Materials provided =>
____________________

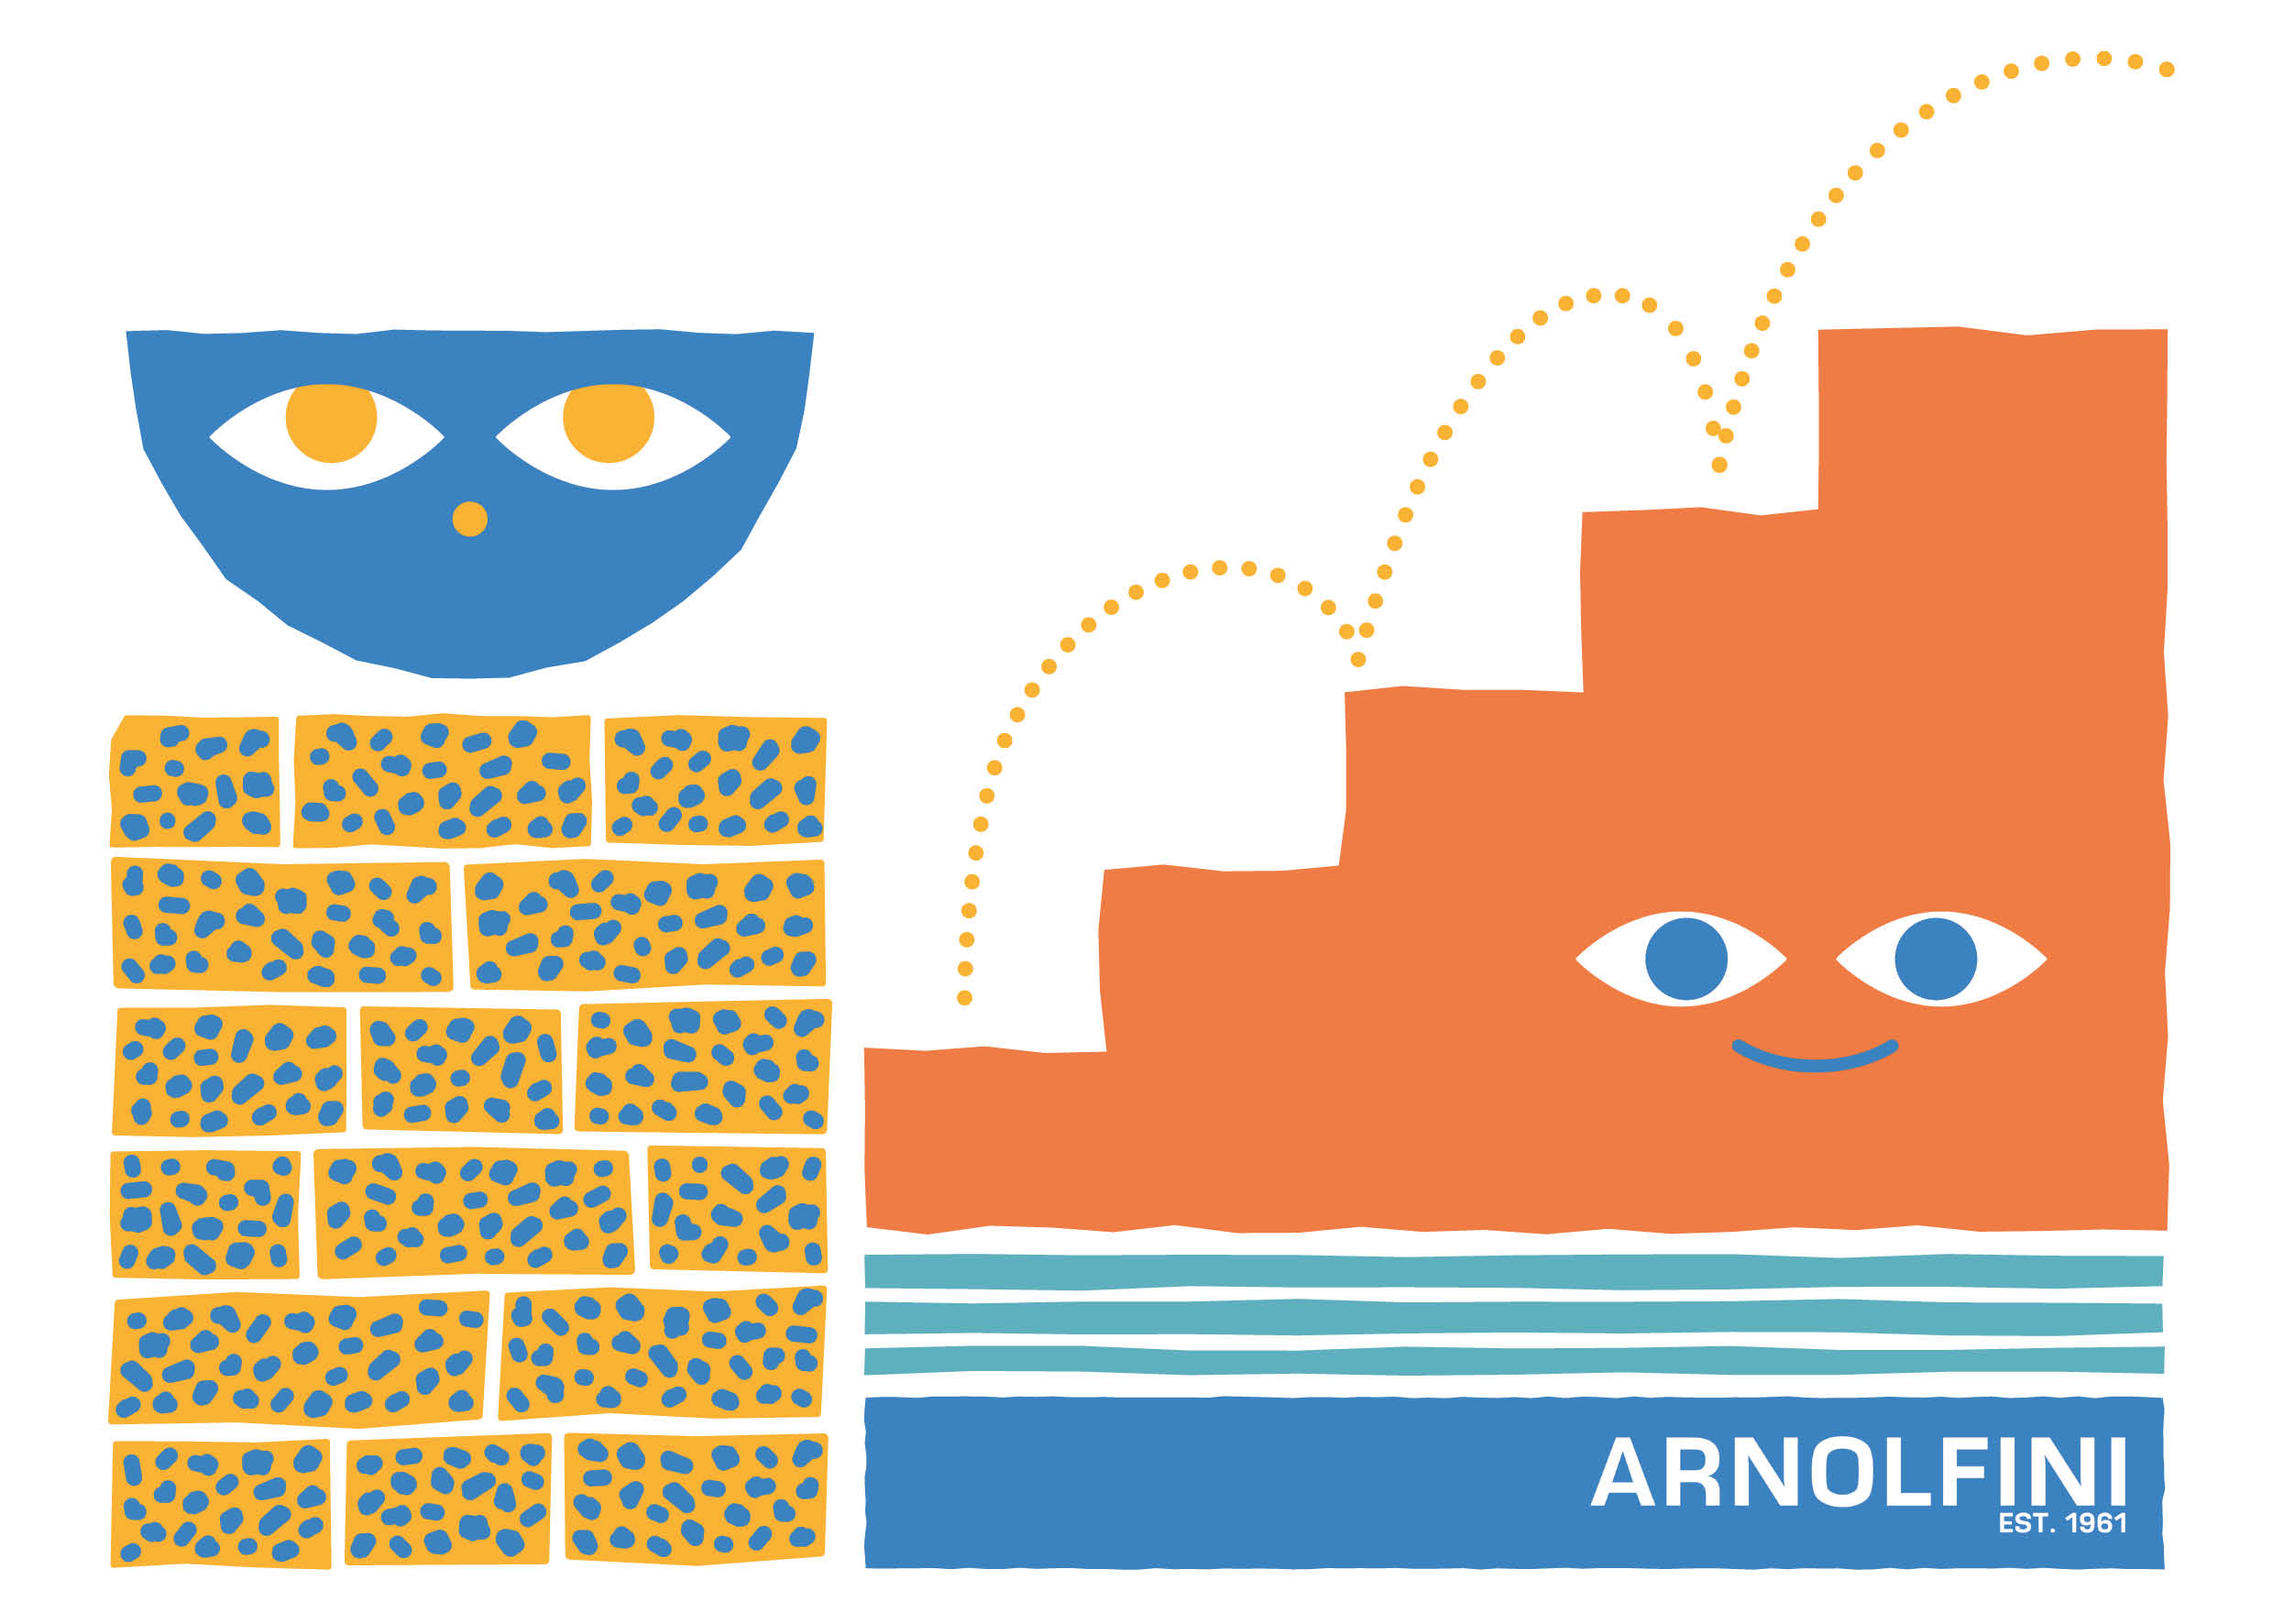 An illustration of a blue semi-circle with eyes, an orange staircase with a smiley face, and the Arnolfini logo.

____________________

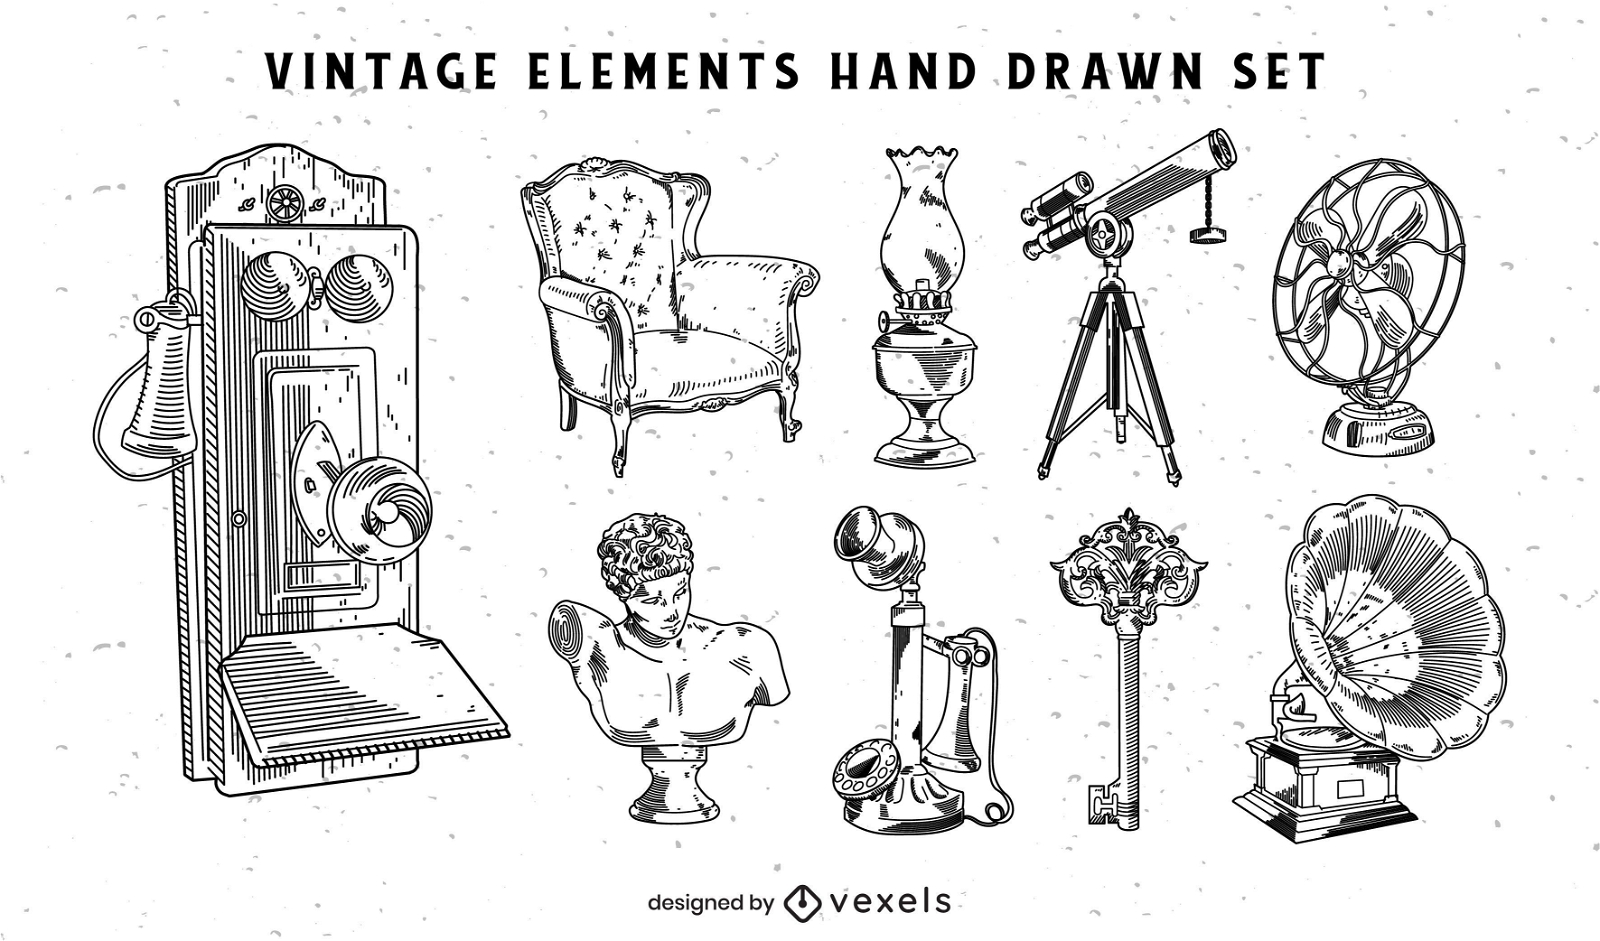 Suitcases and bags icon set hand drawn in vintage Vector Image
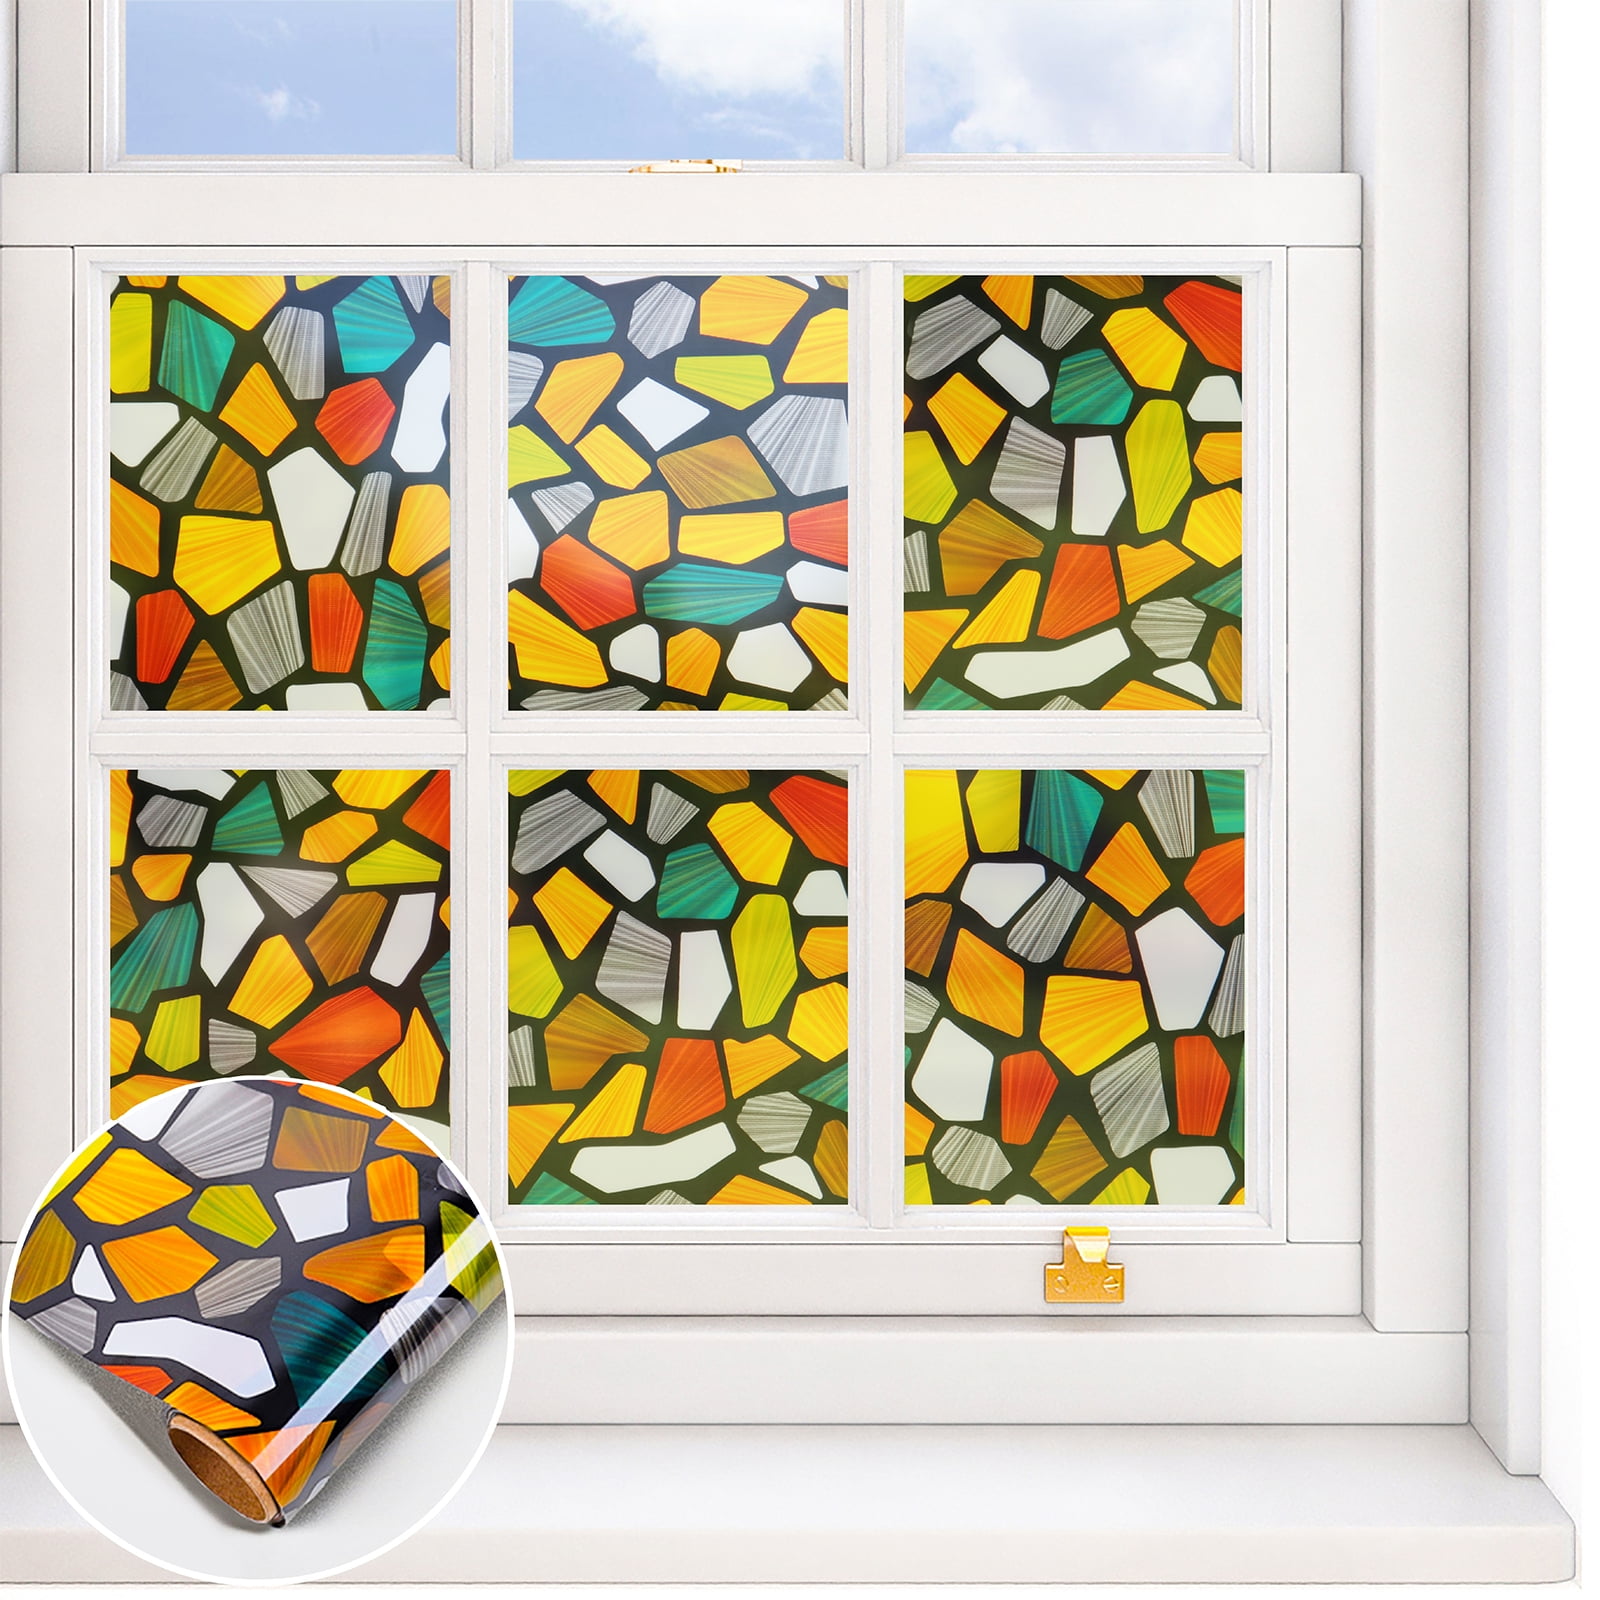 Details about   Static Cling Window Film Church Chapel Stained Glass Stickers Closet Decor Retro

____________________

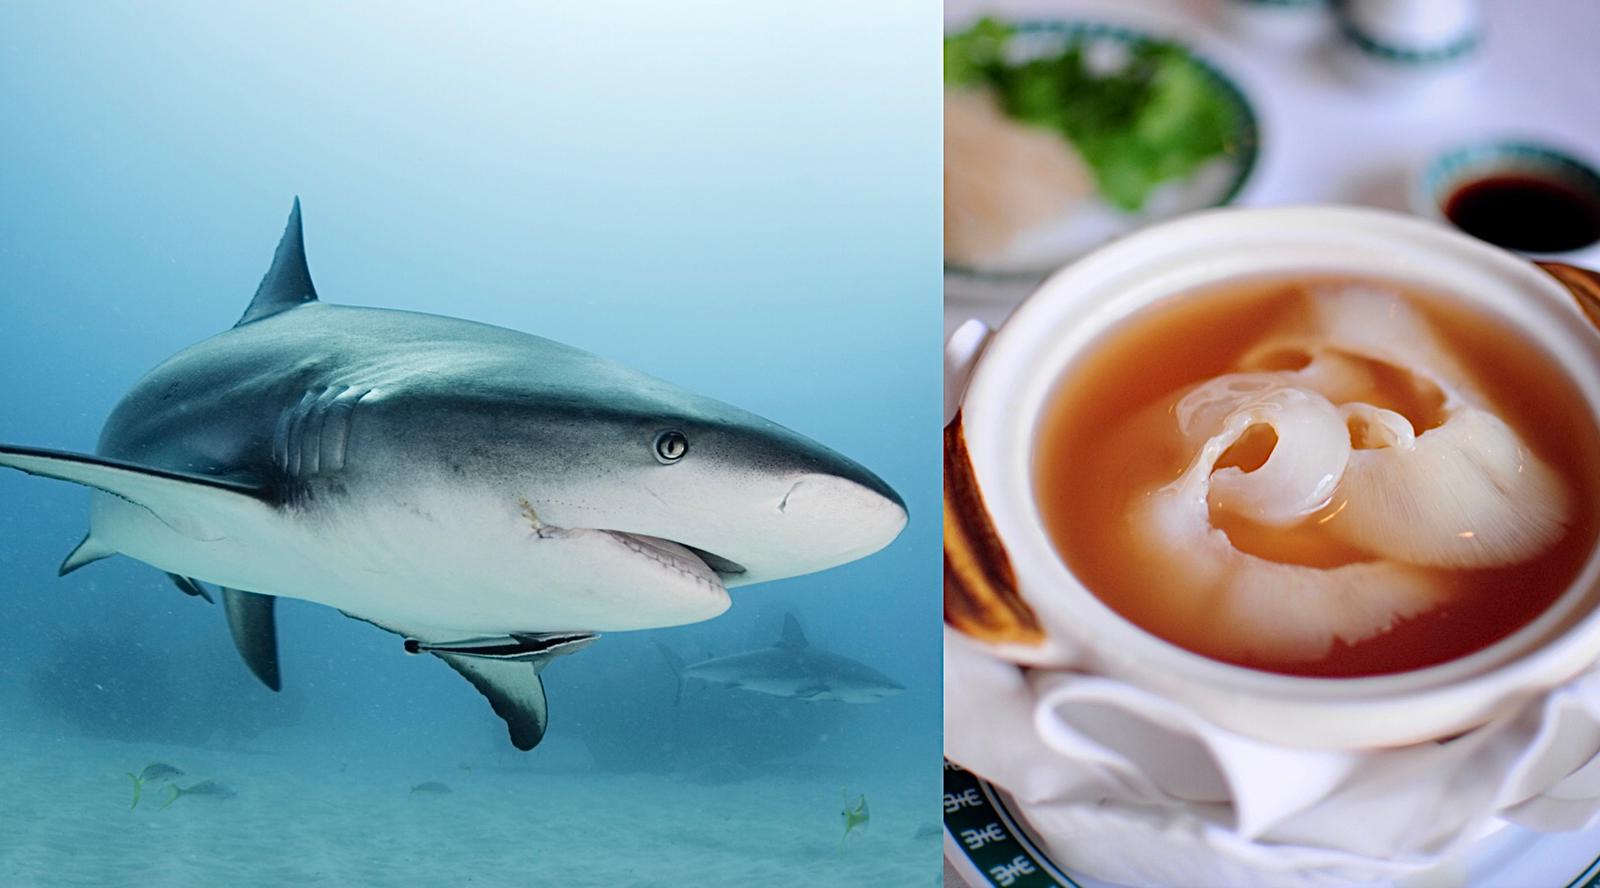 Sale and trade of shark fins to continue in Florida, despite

____________________

To do =>
Write out word for word the lines above that run from the one with "Suitcases and bags" to the one with "Closet Decor Retro". Include both end lines; exclude the images.

Response to the task =>
 Suitcases and bags icon set hand drawn in vintage Vector Image
 Details about   Static Cling Window Film Church Chapel Stained Glass Stickers Closet Decor Retro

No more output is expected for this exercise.